[Data extracted from a collection]
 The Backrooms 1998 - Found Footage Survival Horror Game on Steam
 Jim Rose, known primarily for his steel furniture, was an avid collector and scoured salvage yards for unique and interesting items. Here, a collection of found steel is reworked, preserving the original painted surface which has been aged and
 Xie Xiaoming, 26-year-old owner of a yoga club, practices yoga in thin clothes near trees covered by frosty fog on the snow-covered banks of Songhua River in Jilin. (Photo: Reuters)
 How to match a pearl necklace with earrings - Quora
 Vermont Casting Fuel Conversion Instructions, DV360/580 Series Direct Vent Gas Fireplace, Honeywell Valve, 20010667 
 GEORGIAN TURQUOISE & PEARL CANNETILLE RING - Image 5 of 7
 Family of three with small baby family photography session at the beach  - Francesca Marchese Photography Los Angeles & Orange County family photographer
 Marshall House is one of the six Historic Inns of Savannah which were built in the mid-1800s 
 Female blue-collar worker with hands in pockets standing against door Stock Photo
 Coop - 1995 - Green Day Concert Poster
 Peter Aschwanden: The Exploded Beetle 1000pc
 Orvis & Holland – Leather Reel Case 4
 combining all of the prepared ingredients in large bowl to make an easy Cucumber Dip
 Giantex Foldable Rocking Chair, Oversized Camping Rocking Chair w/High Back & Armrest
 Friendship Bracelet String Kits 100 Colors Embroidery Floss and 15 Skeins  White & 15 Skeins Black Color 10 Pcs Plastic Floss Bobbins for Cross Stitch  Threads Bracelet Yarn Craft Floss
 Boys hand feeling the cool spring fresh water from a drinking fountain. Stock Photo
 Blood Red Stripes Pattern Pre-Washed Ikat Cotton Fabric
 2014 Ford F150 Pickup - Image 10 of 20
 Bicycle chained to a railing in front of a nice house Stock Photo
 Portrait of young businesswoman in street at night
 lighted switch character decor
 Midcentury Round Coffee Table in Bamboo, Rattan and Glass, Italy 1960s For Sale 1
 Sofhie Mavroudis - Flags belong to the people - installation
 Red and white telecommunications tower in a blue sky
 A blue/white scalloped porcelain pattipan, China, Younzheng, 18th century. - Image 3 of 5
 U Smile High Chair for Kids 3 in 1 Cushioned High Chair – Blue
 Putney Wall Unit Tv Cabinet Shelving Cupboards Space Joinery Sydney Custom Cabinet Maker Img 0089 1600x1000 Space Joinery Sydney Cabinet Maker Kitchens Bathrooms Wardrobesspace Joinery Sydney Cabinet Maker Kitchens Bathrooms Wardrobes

▸ **ASSIGNED TASK**
In the records above, the line with "Sofhie Mavroudis - Flags" marks the start and the line with "U Smile High" marks the end; copy that stretch exactly, both lines included, and nothing else.

▸ **RESPONSE AREA**
 Sofhie Mavroudis - Flags belong to the people - installation
 Red and white telecommunications tower in a blue sky
 A blue/white scalloped porcelain pattipan, China, Younzheng, 18th century. - Image 3 of 5
 U Smile High Chair for Kids 3 in 1 Cushioned High Chair – Blue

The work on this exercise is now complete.